A digital archive of Asian/Asian American contemporary art history

Diao, David

Other Names: 刁德謙

Male

"One of the high points of my early years in New York was helping to install Barnett Newman's 'Stations of the Cross' at the Guggenheim Museum in 1966. I go to see his work whenever it is on view. I also have every catalogue and text pertaining to his work I can lay my hands on. Upon hearing of his death in 1970, I named a painting in his honor; one of the few instances in my life in which I paid homage to a particular artist. In the years since, my regard for him has not diminished.

Looking at the table in 'The Complete Drawings' annotating the work over a 27 year exhibition career, I was moved to notice how few works he completed. Measured against his enormous influence on me and others, it puts into question the convention that great artists are prolific. I wanted to make my astonishment visible and chose a Newmanesque scale and format to do so. Beginning with that painting, 'Barnett Newman: Chronology of Work', 1990, there are now four paintings in this series. Last fall, at the invitation of the Olive Press of Cornell University, I further extended the series by making a suite of 5 silkscreen prints.

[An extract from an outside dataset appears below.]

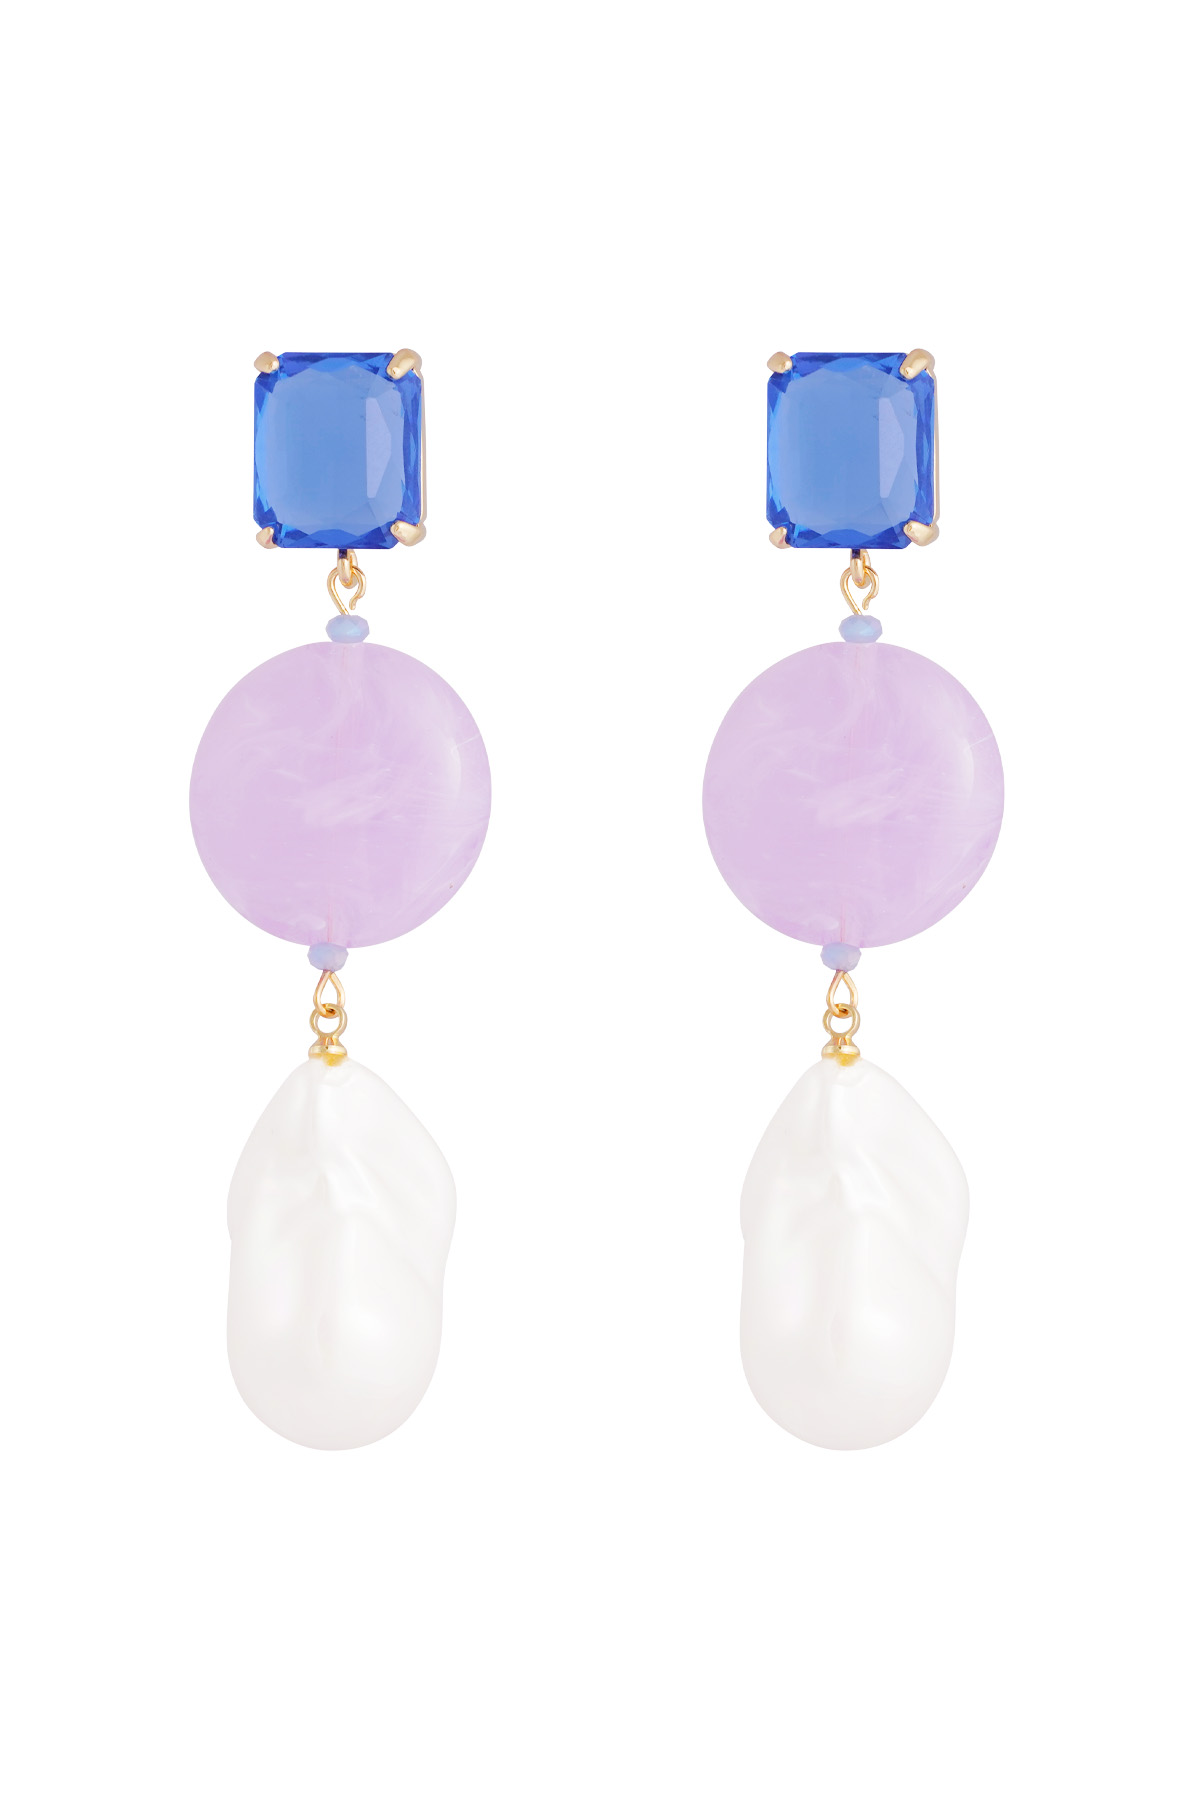 Earrings vintage pearls - blue purple h5

Much recent abstract painting remains enmeshed in an infinite regress of formal self-definition. To avoid the aridness this entails for me, I have imported into my work specific facts: names and dates. Often the paintings resemble blackboards, charts and diagrams. In the sense of being 'merely' informational signs, some would see it as a humbling tack for painting. For me it's possibly an enabling one. By addressing narrower but more specific subject matter, I hope to escape grand universalist claims often still made for abstract painting. Yet the works themselves are resolutely paintings, directly and matter-of-factly painted. I wish Barney were around to look at them."